- _The task_
Give the data again exactly as written, without any of its pictures.

- _Dataset extract_
------------------------------------------------------------------------

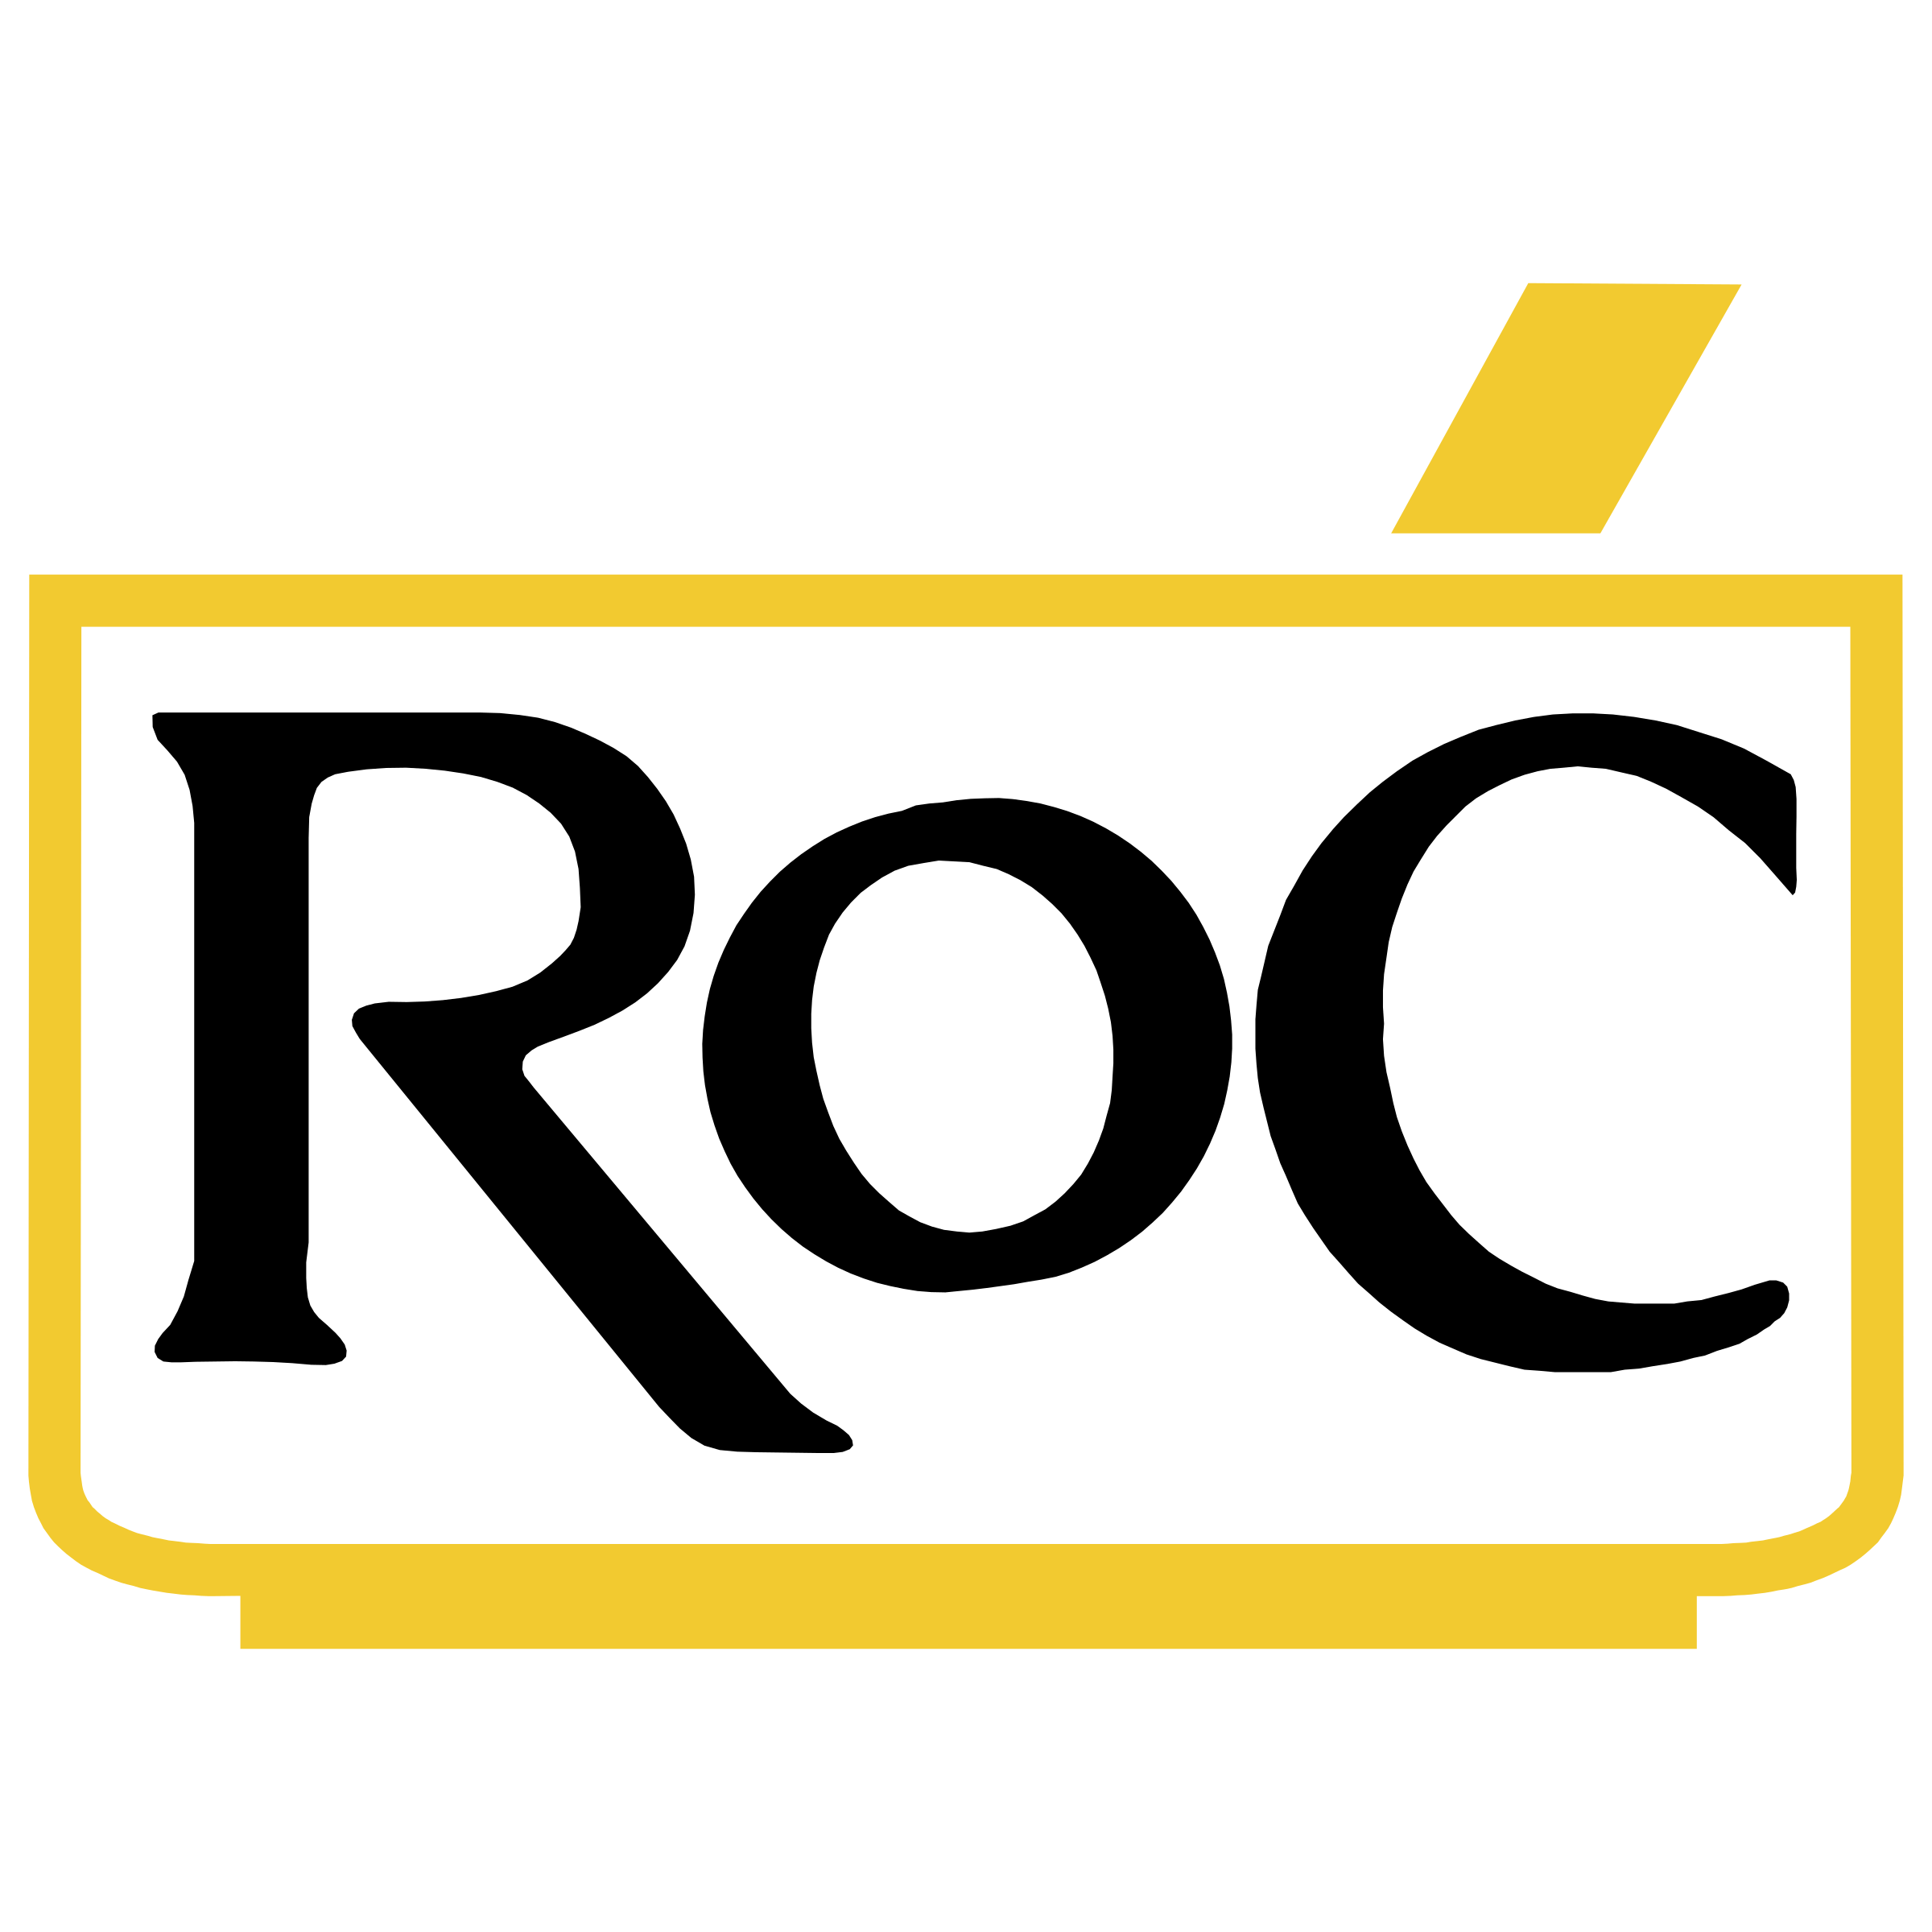 Roc Logo - Roc Logo PNG Transparent & SVG Vector - Freebie Supply
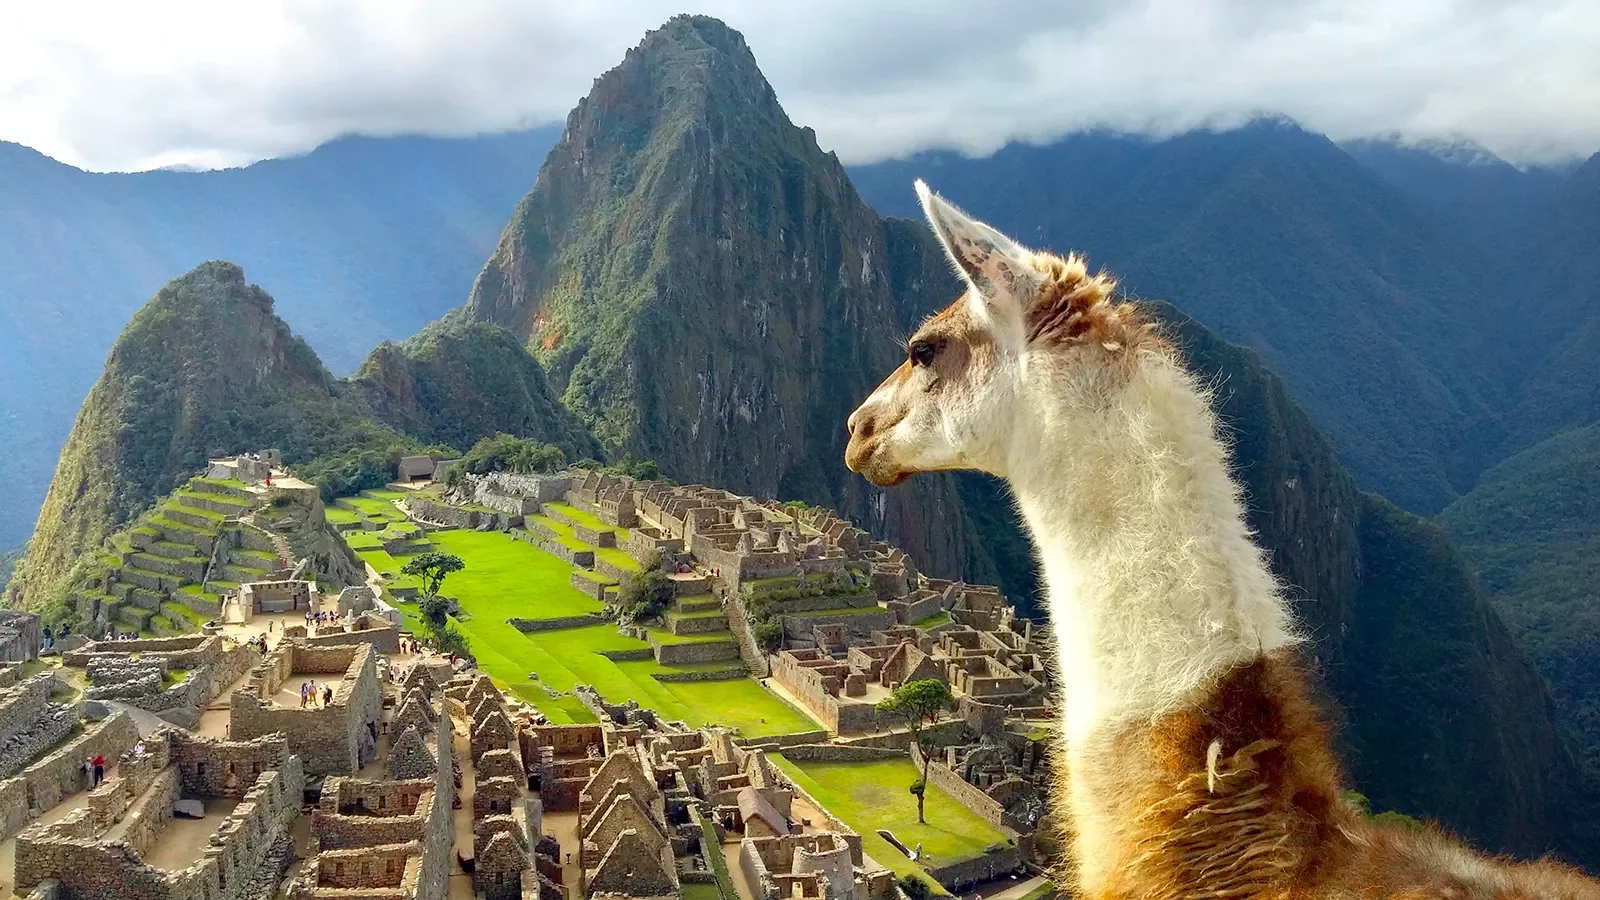 Over the shoulder shot of llama overlooking Machu Picchu.
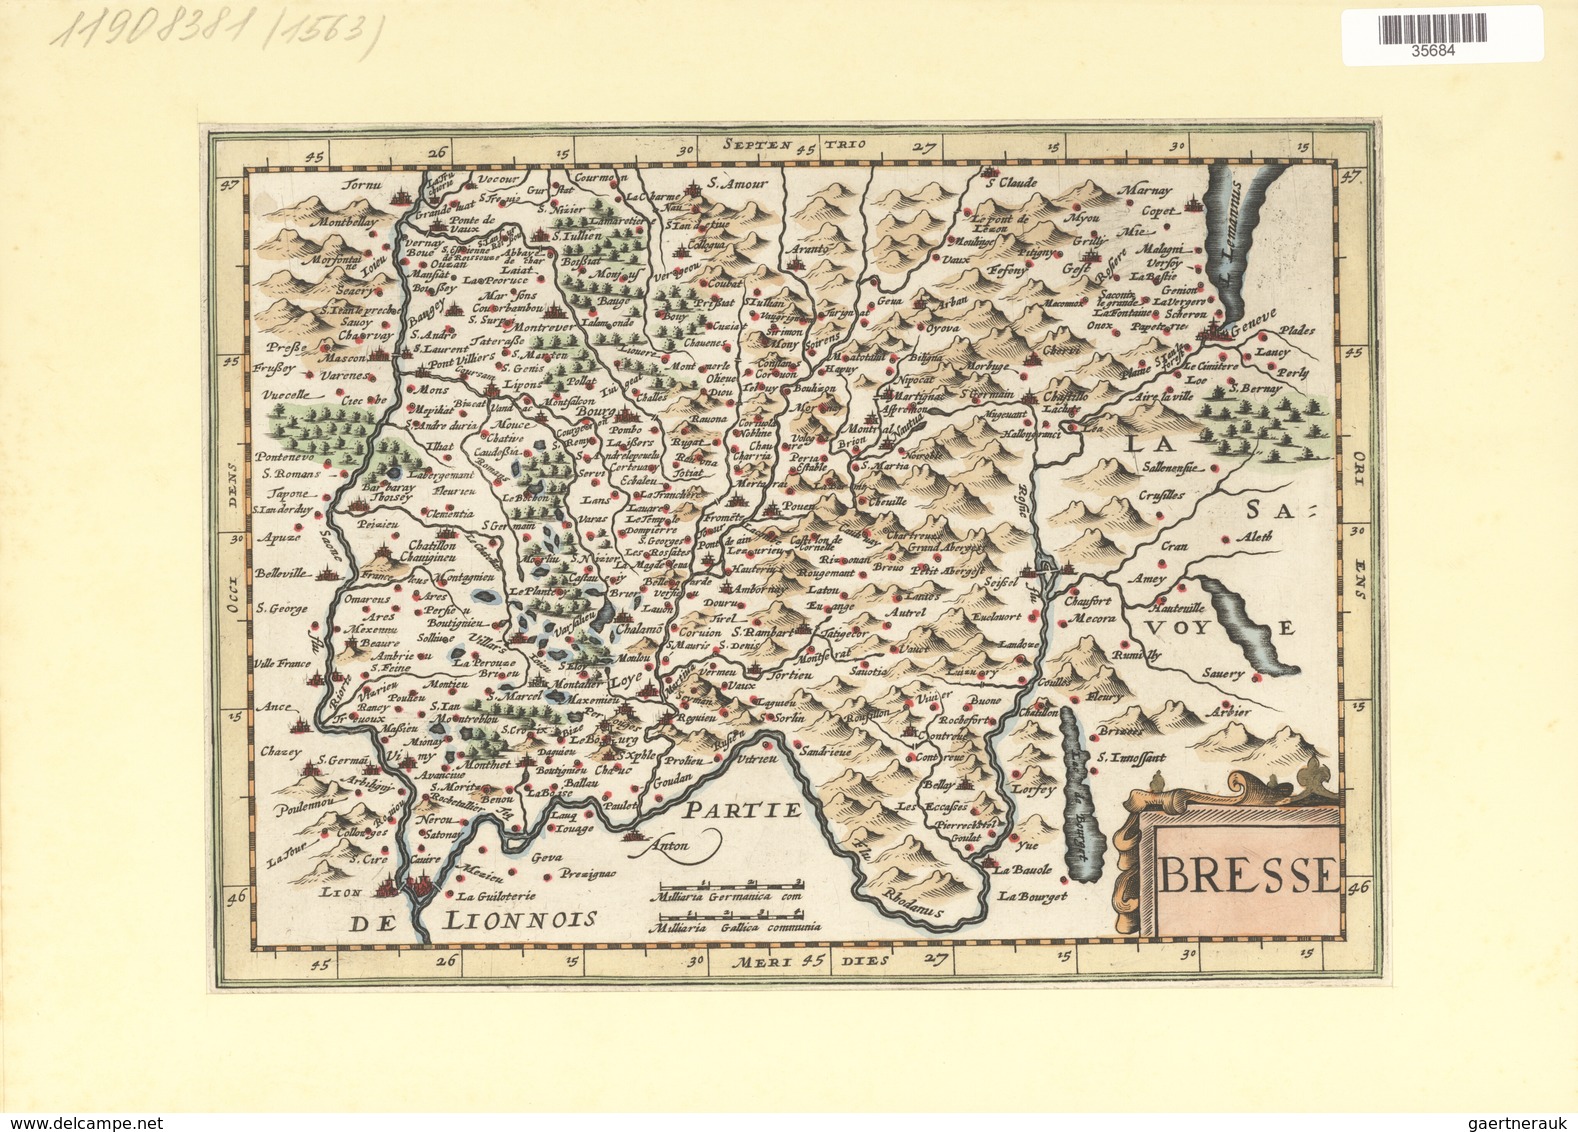 Landkarten Und Stiche: 1734. Map Of Bresse Region Of France Up To Lac Lemans In Switzerland. From Th - Geographie

------------------------------------------------------------------------

- _The answer_
 Roc Logo - Roc Logo PNG Transparent & SVG Vector - Freebie Supply
 Over the shoulder shot of llama overlooking Machu Picchu.
 Landkarten Und Stiche: 1734. Map Of Bresse Region Of France Up To Lac Lemans In Switzerland. From Th - Geographie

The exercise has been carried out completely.